INPUT DATA:
*** Begin section ***
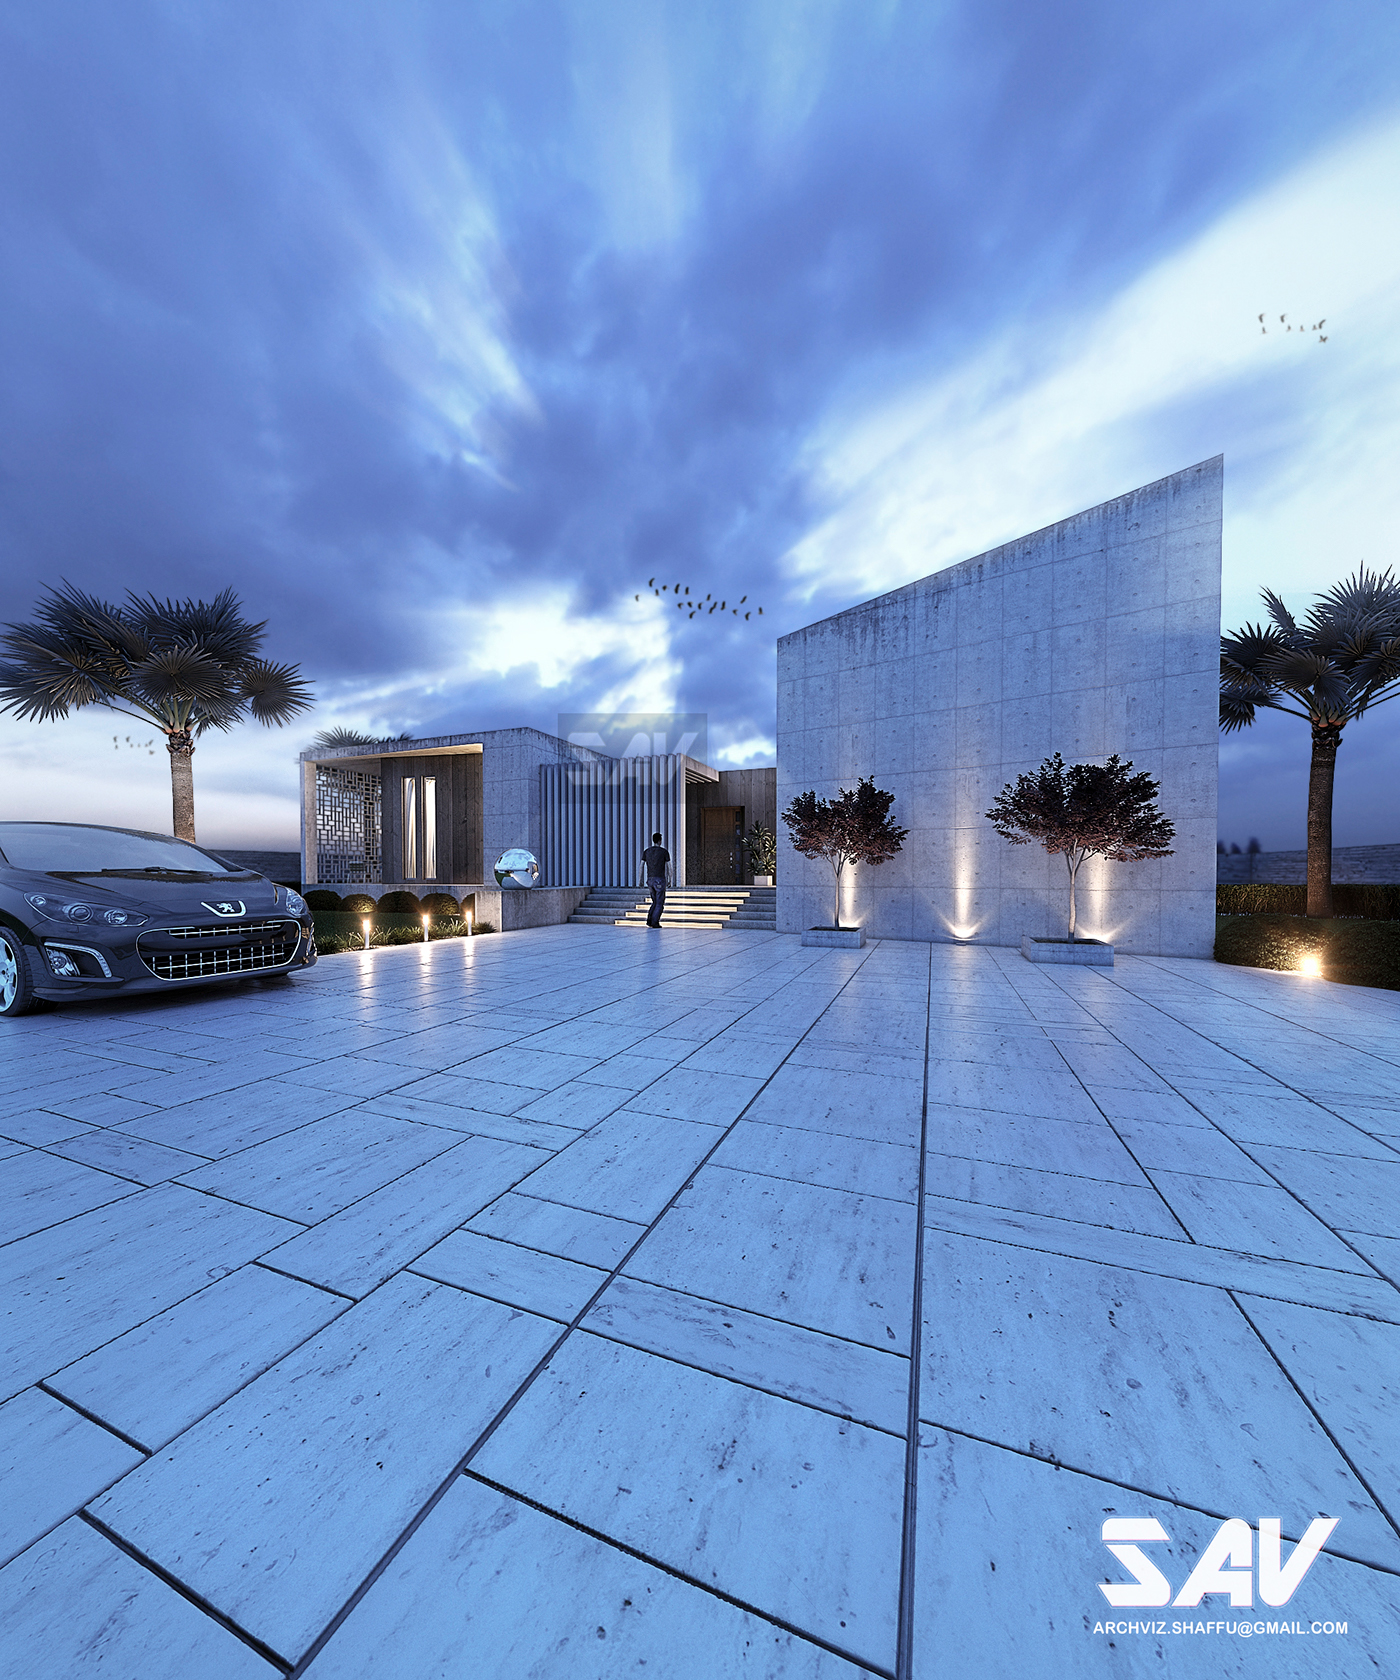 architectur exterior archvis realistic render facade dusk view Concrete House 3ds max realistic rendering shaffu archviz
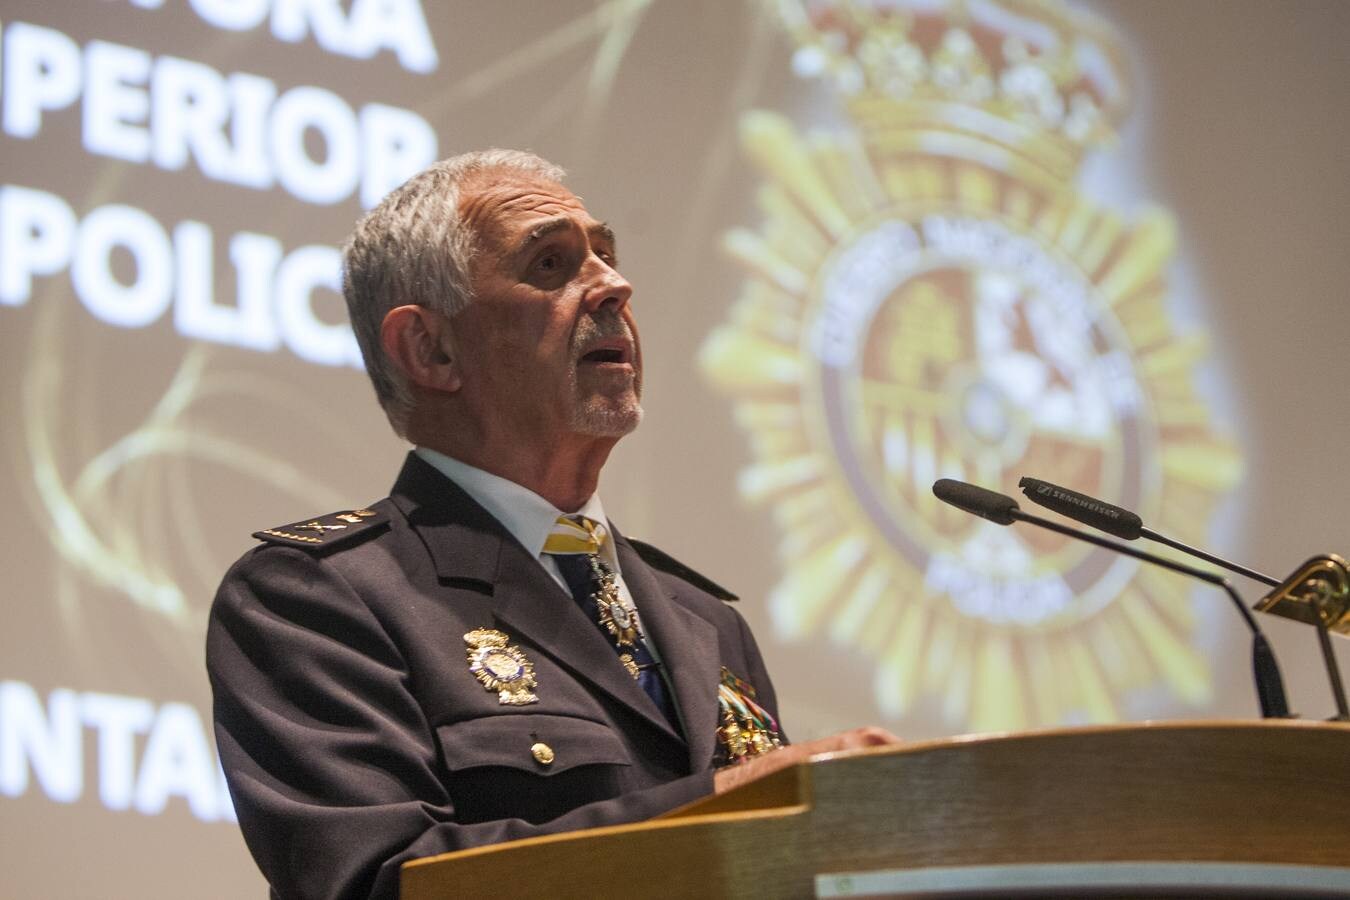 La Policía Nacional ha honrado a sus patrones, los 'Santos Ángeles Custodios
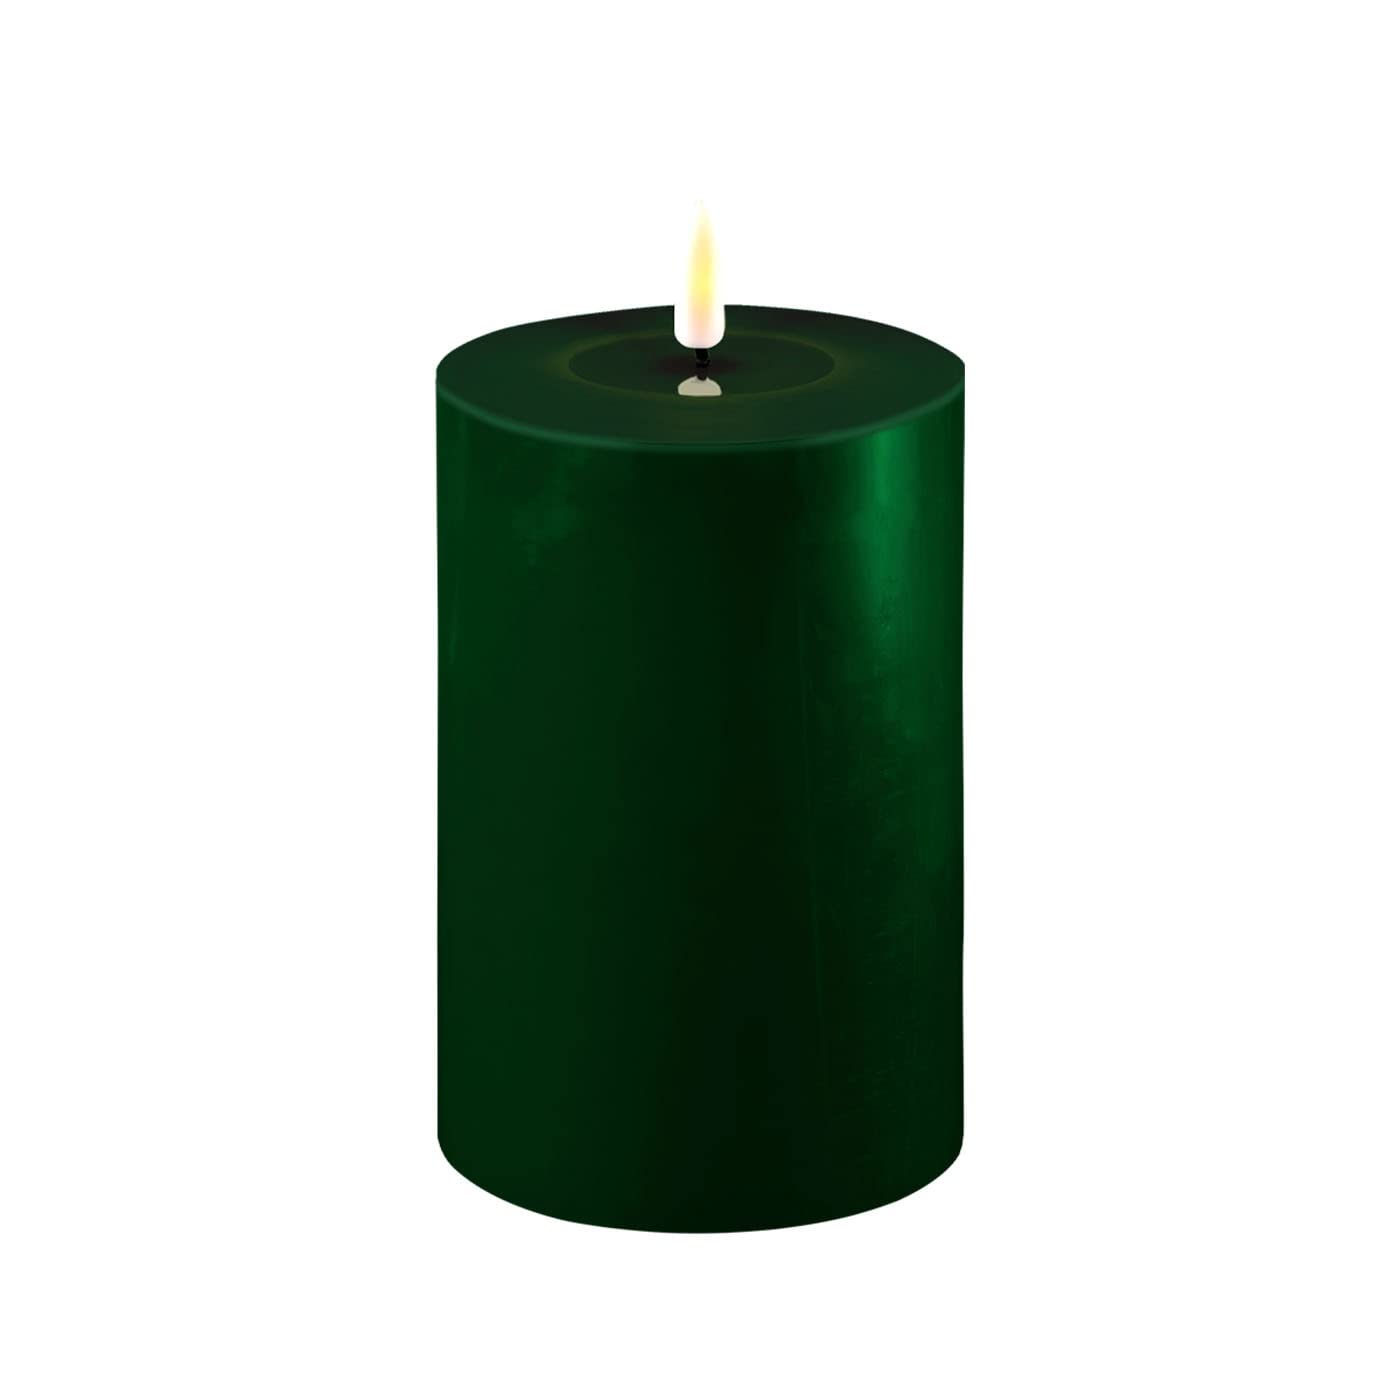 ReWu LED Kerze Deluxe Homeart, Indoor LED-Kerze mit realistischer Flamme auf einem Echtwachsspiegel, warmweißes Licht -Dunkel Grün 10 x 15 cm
*** End section ***
TO DO:
Without changing a word, transcribe all of the data and omit its images.

OUTPUT BELOW:
 architectur exterior archvis realistic render facade dusk view Concrete House 3ds max realistic rendering shaffu archviz
 La Policía Nacional ha honrado a sus patrones, los 'Santos Ángeles Custodios
 ReWu LED Kerze Deluxe Homeart, Indoor LED-Kerze mit realistischer Flamme auf einem Echtwachsspiegel, warmweißes Licht -Dunkel Grün 10 x 15 cm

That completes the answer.